Back in the early 19th century, whaling was a massive and dangerous industry. Whale oil was a precious commodity, used for oil lamps and soaps. The inherent risks and general hard labor required for expeditions meant that the sailors recruited were usually those who didn’t have many other options or were born into the job.
There’s an interesting story to be had in a whaler’s life, and that’s exactly what Herman Melville is looking for when he meets Thomas Nickerson, a man who spent his formative years hunting one particular whale.
His story begins with Owen Chase (Chris Hemsworth) heading out for one last whaling trip, ensuring that he and his very pregnant wife will have the money they need to live comfortably. His experience whaling makes him a valuable asset on any whaling ship, but because of his lowly status, he can’t be a captain. Instead he’s first mate on the Essex to George Pollard, a first time captain whose family has controlled a sizeable portion of the whaling industry for generations. The two are put immediately at odds with one another, but they’ve got a job to do and they’re going to see it through. Where’s Thomas Nickerson in all this? He’s a greenhorn on the Essex, a witness to Chase and Pollard’s battle of pride.
If that seems a little blasé to you, it’s because this kind of story has been played out a million times before and here is not much different. What sets In the Heart of the Sea apart is its setting. Ron Howard is an excellent director, and the shots of sailing, the open ocean, the whales, and even the hunt are all interesting and exciting to watch as standalone moments. This is a profession that rarely, if ever, gets the spotlight in movies, and seeing it all rendered in such high quality makes In the Heart of the Sea an interesting history lesson, if nothing else (at least for the first half of the movie).
It’s a fascinating industry to be sure, but in no way does it lend its characters any sympathy. The fact that documentaries like Blackfish can so easily capture people’s attention and outrage means that a movie whose dramatic center is “whale poachers have their boat sunk” isn’t a drama that modern audiences are looking for. It’d be like if one of those wolf hunting helicopters went down in the forest and the survivors had to outrun a pack of hungry wolves. Odds are you care about the animal and not the hunter.
Which means that when the Essex invariably ends up in the cross hairs of a particularly vengeful whale, you’re on the whale’s side. And when the ship is sunk and the crew must somehow survive long enough to either find help or dry land before they die of thirst or starvation, it’s hard to care. It wouldn’t be impossible to find some way to empathize with the whalers. They are humans after all and their job isn’t much different from that of the crews on Deadliest Catch.

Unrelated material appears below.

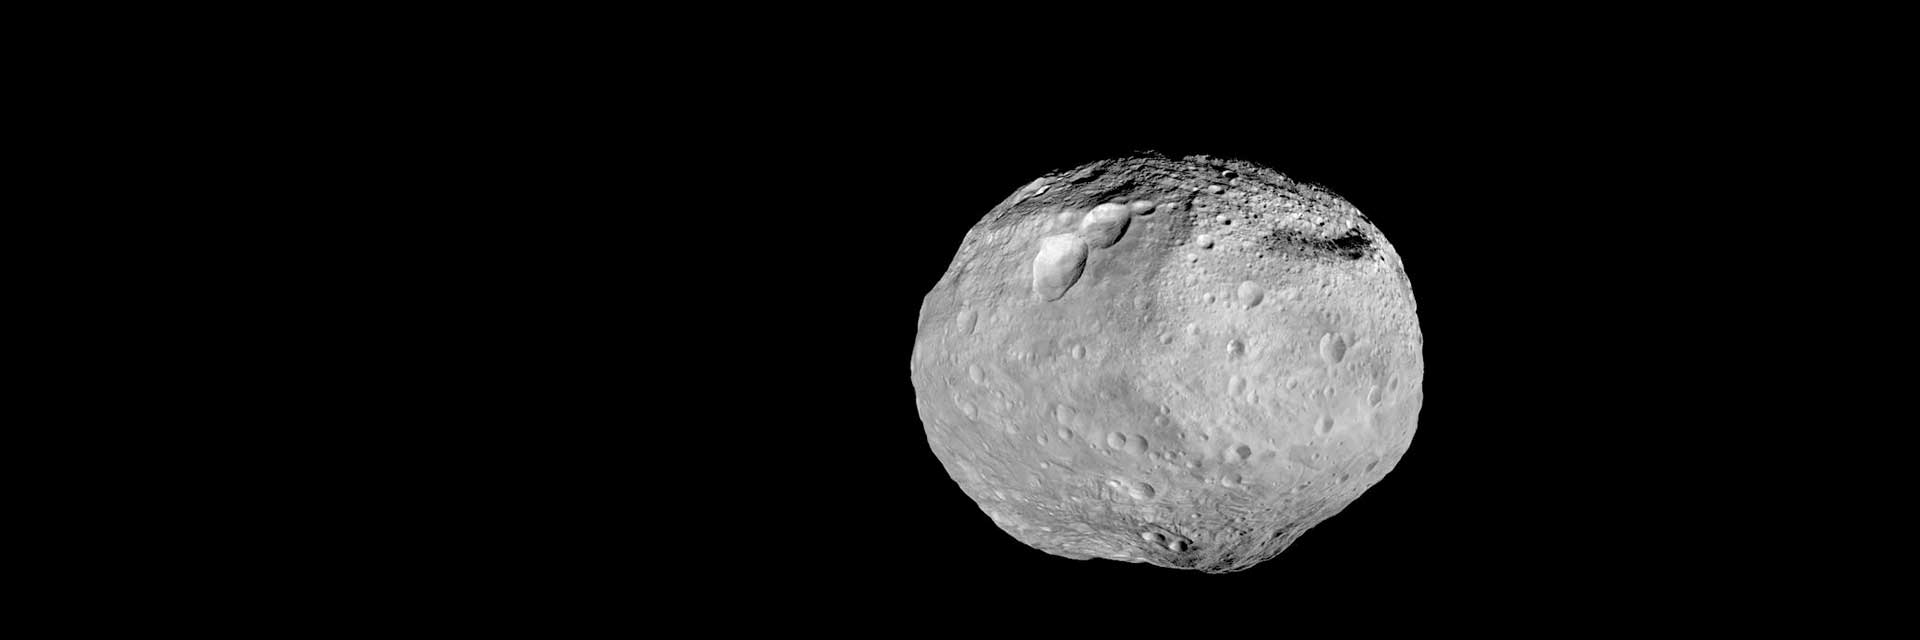 Roundish asteroid in space

But we’ve seen the cruelty of their job up close and beyond that, the characters don’t get much more development. So why should we care about these sailors stuck in the ocean when all we know of them is how much they want to harpoon whales to death? And if you’ve seen Life of Pi, you know pretty much everything they’re going to endure as they float endlessly on the water. Endlessly, because they spend what might well be the entire second half of the movie slowly withering in their life boats.
In the end, In the Heart of the Sea boasts some impressive visuals but can’t measure up with a lackluster story. The visuals of the great whale and the sailors emaciated bodies from spending weeks at sea are awe inspiring and horrifying respectively. Though there is clearly passion behind the production it doesn’t translate into a more compelling drama. If the life of a whaler is something that interests you then definitely seek this movie out. If you like movies about sailors and the open ocean you’ll get plenty of that here. But in terms of human drama you won’t get much more than you could find in a dozen other movies about desperate survival, at least two of which star Tom Hanks.
In the Heart of the Sea debuted Saturday, August 27. Catch on most of HBO’s platforms.